• **AIM OF THE TASK**
Look below for the line containing "Craftsman 536.270112 User Manual" and the line containing "Allegro giovane uomo", then set down both and every line between them exactly, without pictures.

___ DATASET RECORDS ___

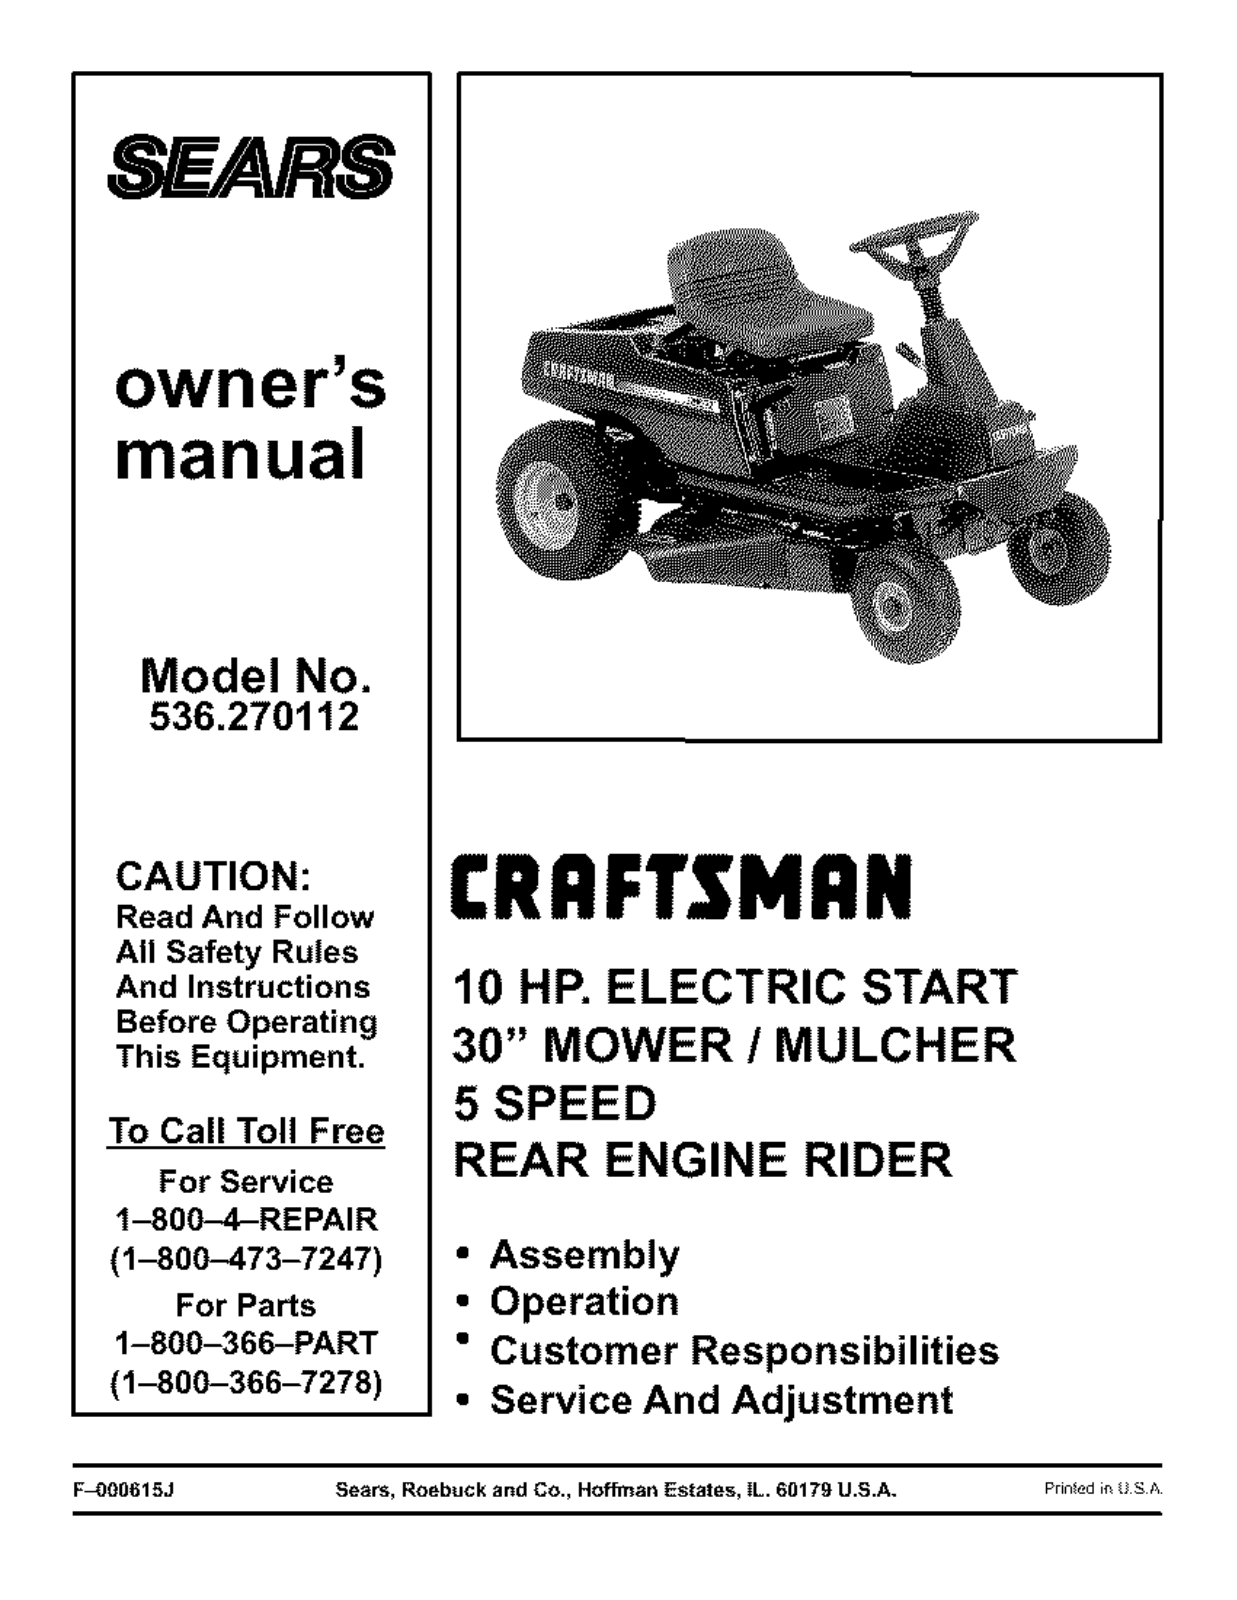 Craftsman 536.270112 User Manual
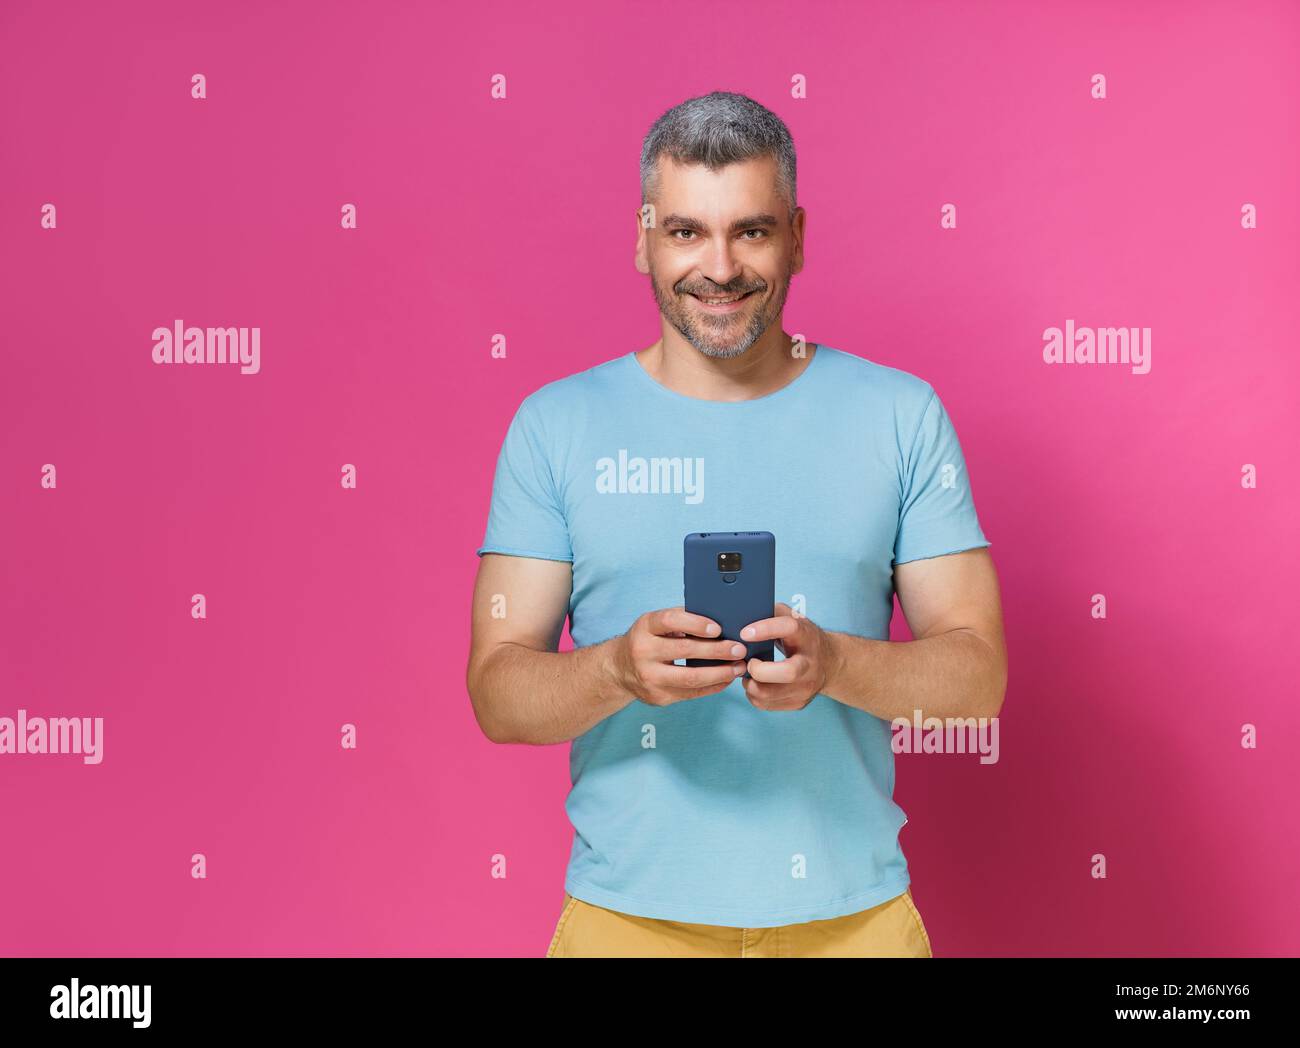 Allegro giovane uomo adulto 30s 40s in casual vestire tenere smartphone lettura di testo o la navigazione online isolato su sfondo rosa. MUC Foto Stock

___
___ DATASET RECORDS ___

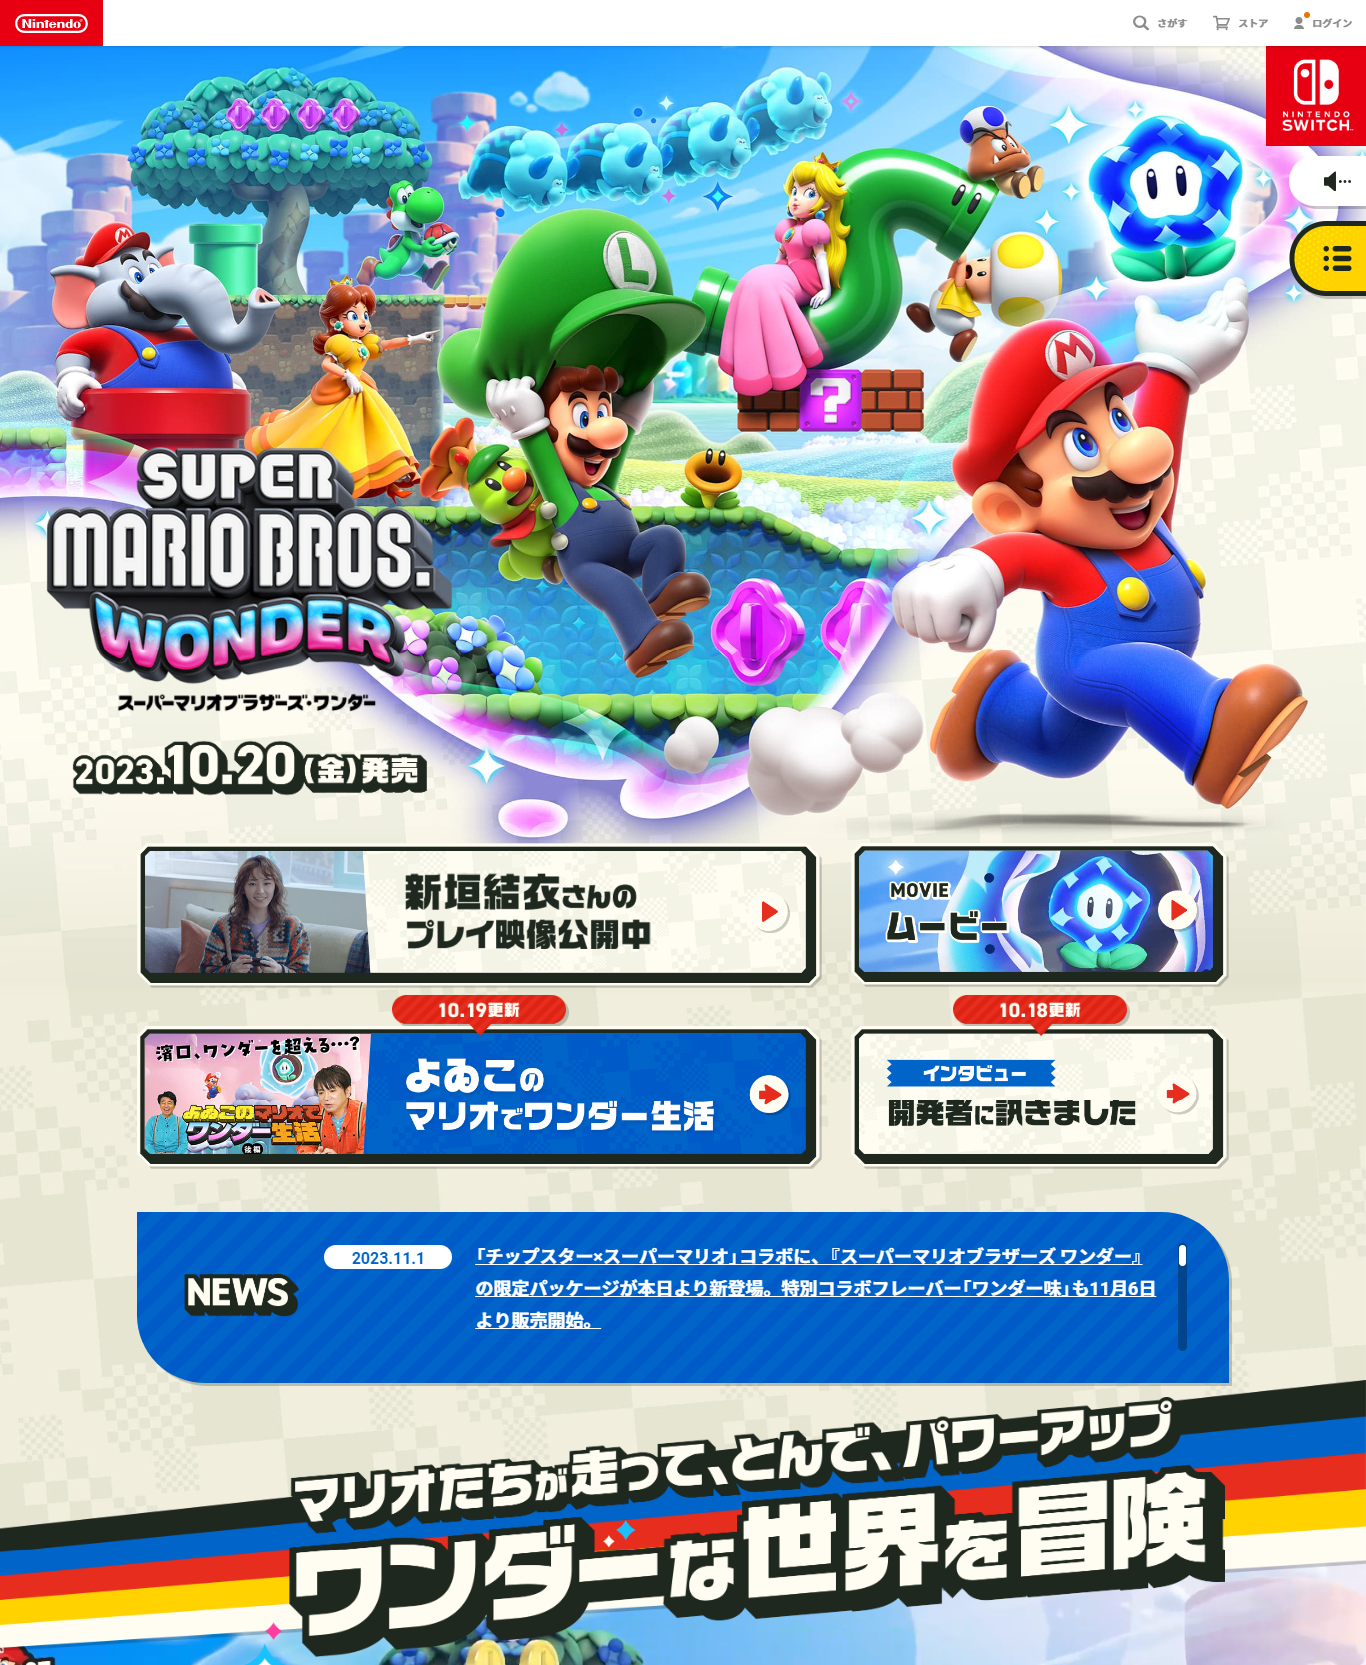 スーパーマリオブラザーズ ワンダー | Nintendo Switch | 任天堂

___

• **RESPONSE TO THE TASK**
 Craftsman 536.270112 User Manual
 Allegro giovane uomo adulto 30s 40s in casual vestire tenere smartphone lettura di testo o la navigazione online isolato su sfondo rosa. MUC Foto Stock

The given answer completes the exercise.